Dual emissions at ~700 and 800 nm have been achieved from a single NIR-AZA fluorophore 1 by establishing parameters in which it can exist in either its isolated molecular or aggregated states. Dual near infrared (NIR) fluorescence color lymph node (LN) mapping with 1 was achieved in a large-animal porcine model, with injection site, channels and nodes all detectable at both 700 and 800 nm using a preclinical open camera system. The fluorophore was also compatible with imaging using two clinical instruments for fluorescence guided surgery.

Methods: An NIR-AZA fluorophore with hydrophilic and phobic features was synthesised in a straightforward manner and its aggregation properties characterised spectroscopically and by TEM imaging. Toxicity was assessed in a rodent model and dual color fluorescence imaging evaluated by lymph node mapping in a large animal porcine models and in ex-vivo human tissue specimen.
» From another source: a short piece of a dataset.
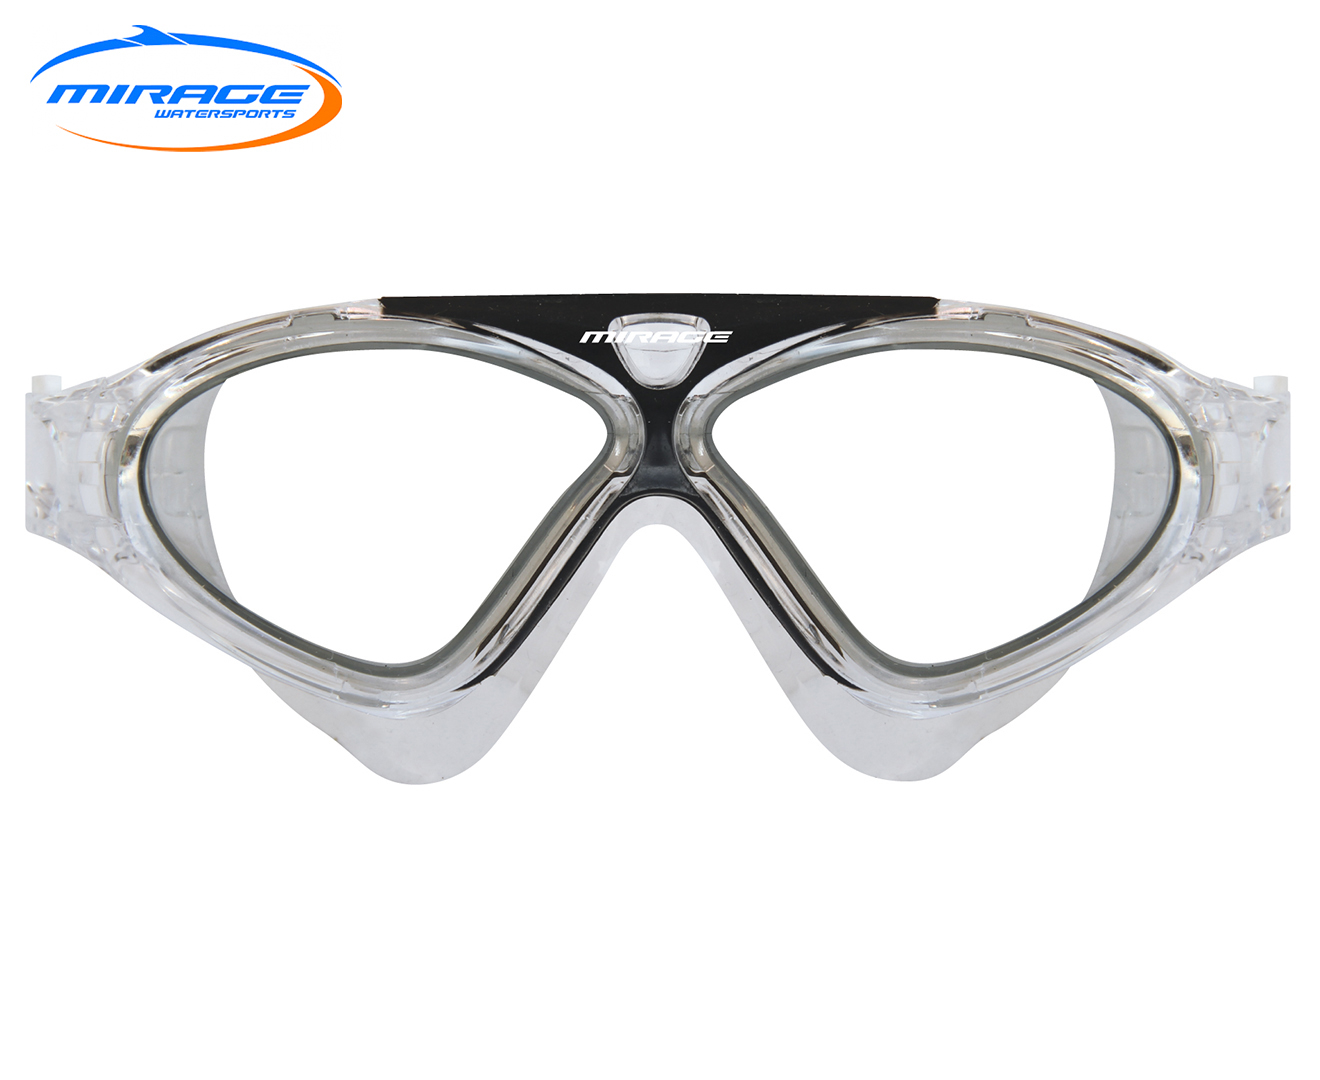 Mirage Adult Lethal Swim Goggles Clearblack Au

Results: Dual color fluorescence imaging has been achieved in the highly complex biomedical scenario of lymph node mapping. Emissions at 700 and 800 nm can be achieved from a single fluorophore by establishing molecular and aggregate forms. Fluorophore was compatible with clinical systems for fluorescence guided surgery and no toxicity was observed in high dosage testing.

Conclusion: A new, biomedical compatible form of NIR-dual emission wavelength imaging has been established using a readily accessible fluorophore with significant scope for clinical translation.

Keywords: NIR-AZA fluorophore, dual fluorescence, J aggregate, fluorescence-guided surgery, lymph node mapping.